Only two buyers' markets remain

Just two regions, Auckland and Taranaki, were in buyers' markets during June – a change from the seven regions favouring buyers at the close of last year.

Williams says that while Auckland has been in a buyers' market for several months, it appears to be weakening.

"If no new properties were to come onto the market, the number of weeks it would take to sell the existing Auckland supply is moving closer to the long-term average. This tells us that property is moving slightly faster in Auckland than it was at the beginning of the year."

Building consents drop

The number of new dwellings consented in May was 45,159, down 11% over the previous 12 months.

Stats NZ figures show the seasonally adjusted number of new dwellings consented fell 2.2% in May \ after falling 2.6 percent in April.

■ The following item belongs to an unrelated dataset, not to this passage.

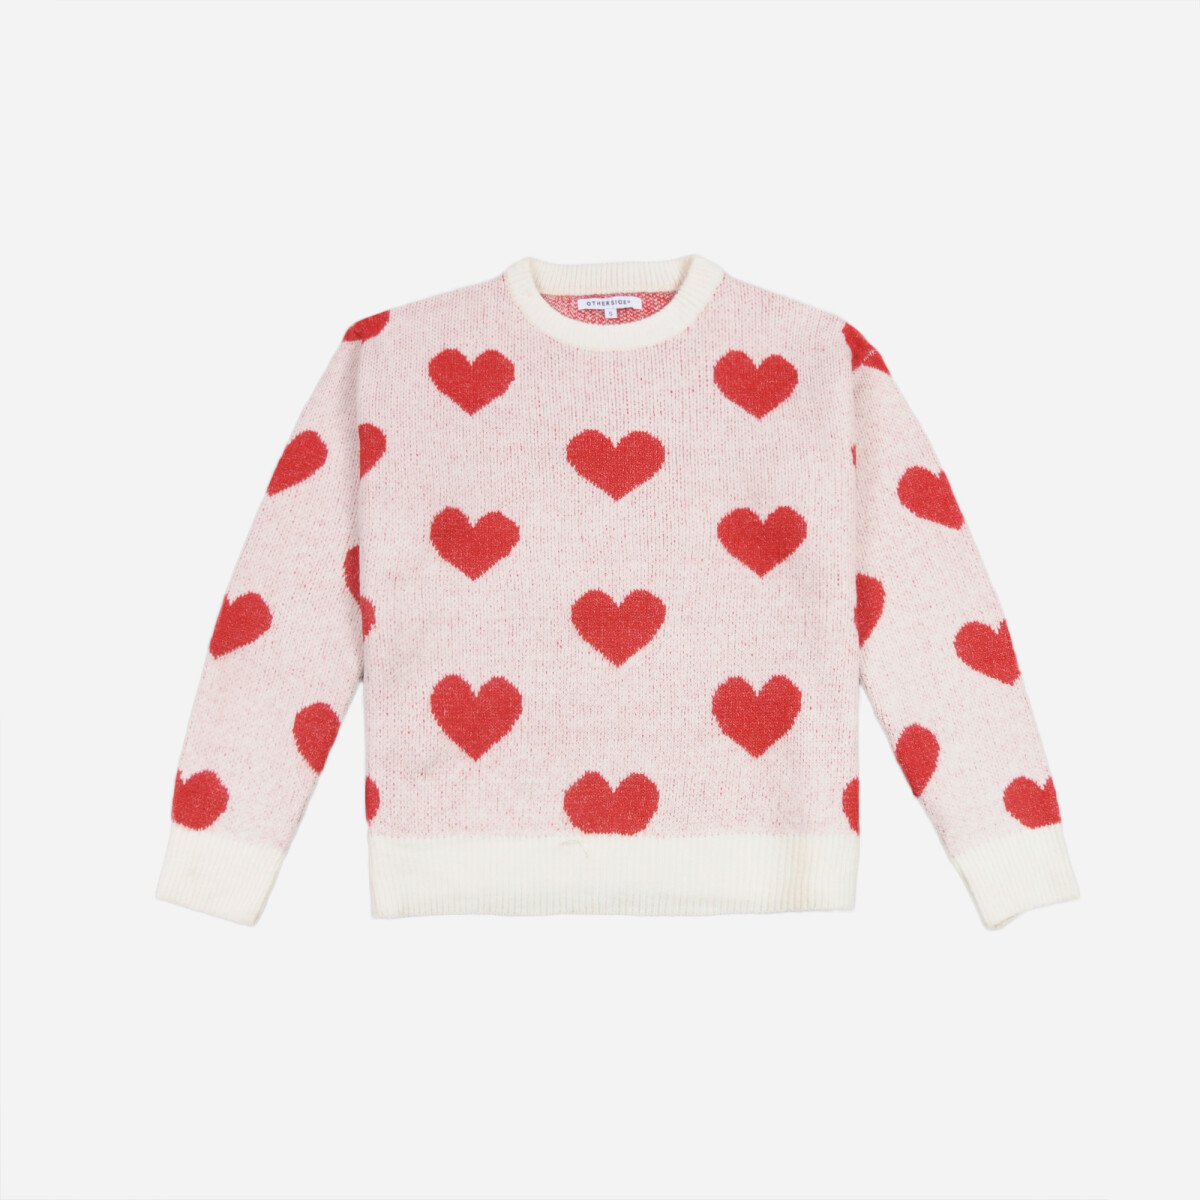 Sweater corazones - Mujer - BLANCO Y ROJO

In May, there were 3,725 new dwellings consented, comprising:

  • 1,732 townhouses, flats, and units
  • 1,643 stand-alone houses
  • 225 apartments
  • 125 retirement village units.

The number of new stand-alone houses consented rose 1.6 percent, after falling 1.9 percent in April.

Regional new dwellings

By region, the numbers of new dwellings consented in the year ended May , compared with the previous year were:

  • 19,539 in Auckland (down 9.9 percent)
  • 4,244 in Waikato (down 18 percent)
  • 3,421 in Wellington (down 12 percent)
  • 6,112 in rest of North Island (down 17 percent)
  • 7,917 in Canterbury (down 7.2 percent)
  • 3,925 in rest of South Island (down 11 percent).